Accordingly, we induced chromosome breakage in human lymphocytes with X-rays in the
presence or absence of an inhibitor of double strand break repair, adenine 9--d-arabinofuranoside
(Ara-A). Our data surprisingly indicated that both chromosomes are equally radiosensitive.
However, the inactive and highly condensed state of the inactive X chromosome enhanced the
inhibitory effect of Ara-A upon the repair of X-ray-induced breaks. Thus, the observed
fragility is the result of a balance between the actual number of breaks induced in each
chromosome and their differential processing (Surrallés et al., 1998b). The next step
will be to compare the extent of UV-radiation induced NER in the active and inactive X
chromosome. As NER is preferentially directed to actively transcribed regions, we would
expect a lower level of repair in the inactive X chromosome.
Does gene density modulate the persistence of chromosome damage?

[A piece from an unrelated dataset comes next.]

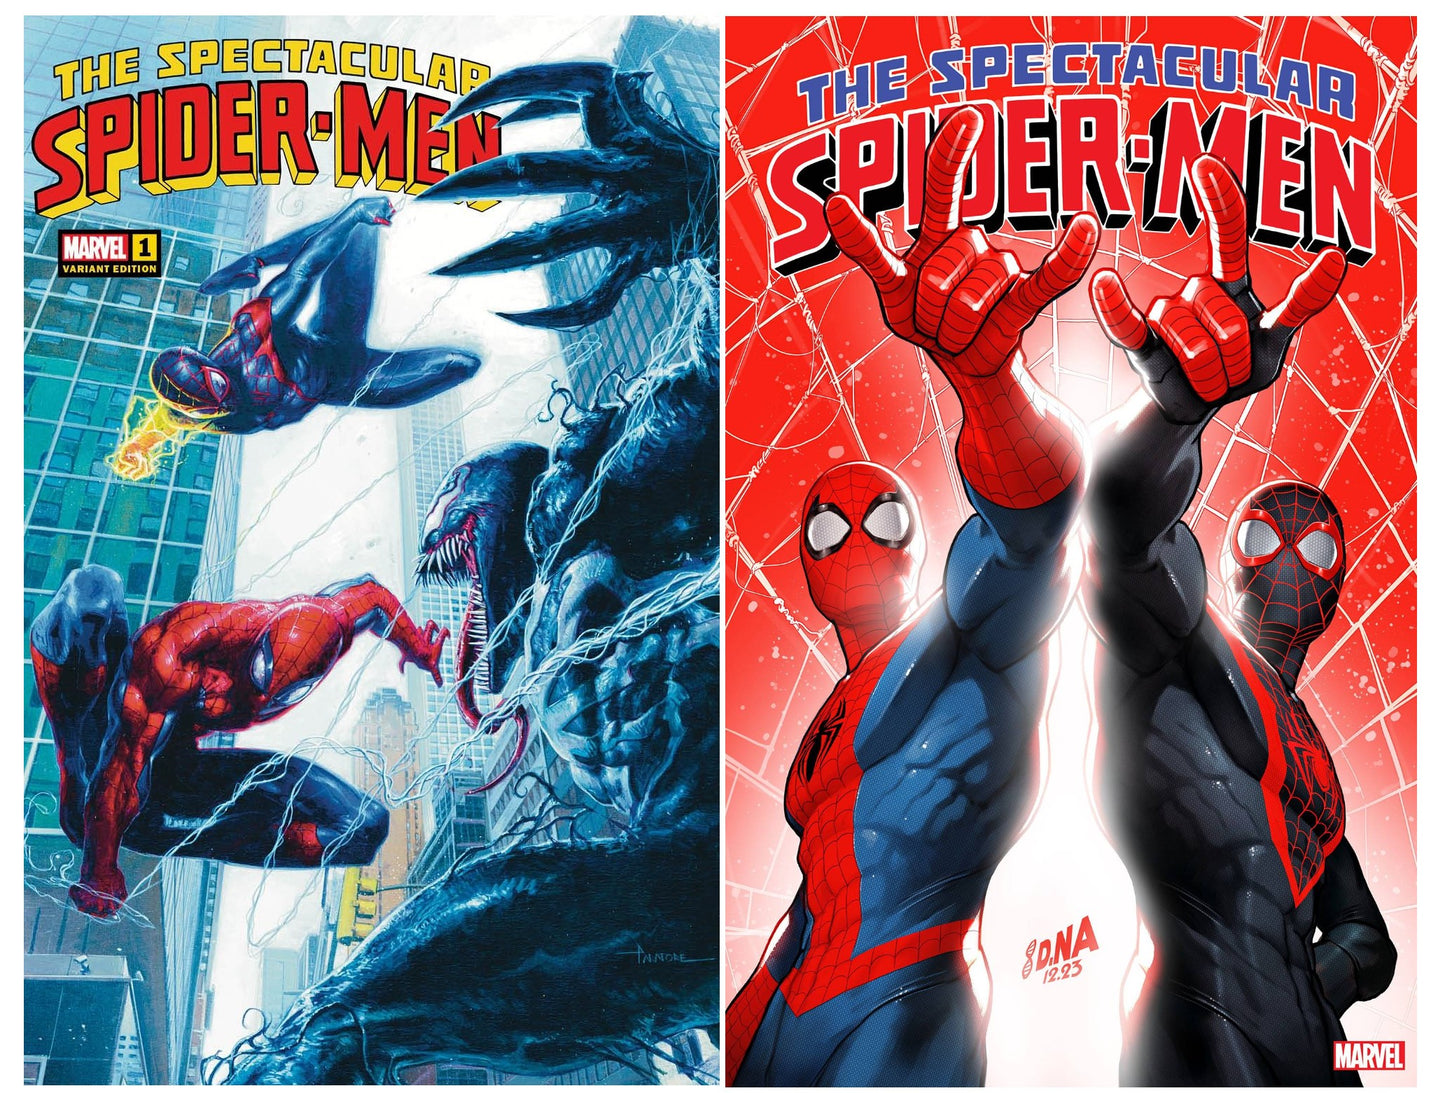 SPECTACULAR SPIDER-MEN #1 DAVIDE PARATORE VARIANT LIMITED TO 500 COPIES WITH NUMBERED COA + 1:25 VARIANT

Once I had managed to settle back into the Spanish society, I had in mind that, besides
different radiosensitivity and repair, another factor that might modulate interchromosomal
differences in the number of breaks detected after past exposure is a differential
persistence of translocations involving different chromosomes. Low persistence of
translocations might be related to cell lethality as a result of gene truncation or
position effects. If this is true, then one would expect a lower persistence of
translocations involving chromosomes with high gene density. To verify this hypothesis we
are analysing the persistence of translocations involving chromosomes 1 and 19 (with high
gene density) and 4 and 18 (with very low gene density). Translocations were induced by
ionizing radiations in a wild-type lymphoblastoid cell line and samples were collected and
harvested 1, 3, 7, 14, 28, 42 and 56 days after irradiation. After scoring 4000 metaphases
per chromosome and time point (including untreated controls), chromosome aberrations
involving chromosome 1 declined slightly faster than those involving chromosome 4,
suggesting that aberrations involving the gene-rich chromosome 1 are less stable. Further
analysis will allow us to state whether this tendency is biologically relevant and
actually related to gene density.
Back in my home laboratory, I am really lucky my PhD students are continuing the job. I
am trying to pass them all I have learnt from my mentors and teachers so the knowledge
will not fade but, like wine, improve through the years. This is probably the tribute I
can pay to all the people that have made it possible for me to get this Award and that
have put their trust in me over the past 10 years, including my family and my wife. Last
but not least. Thank you all.
Acknowledgements
This overview is the subject of the EEMS Young Scientist Award 1998 Lecture I gave
during the 28th-EEMS Annual Meeting in Salzburg. I would like to thank the Award Committee
for the prize and for giving me the opportunity to attend the EEMS-Meeting.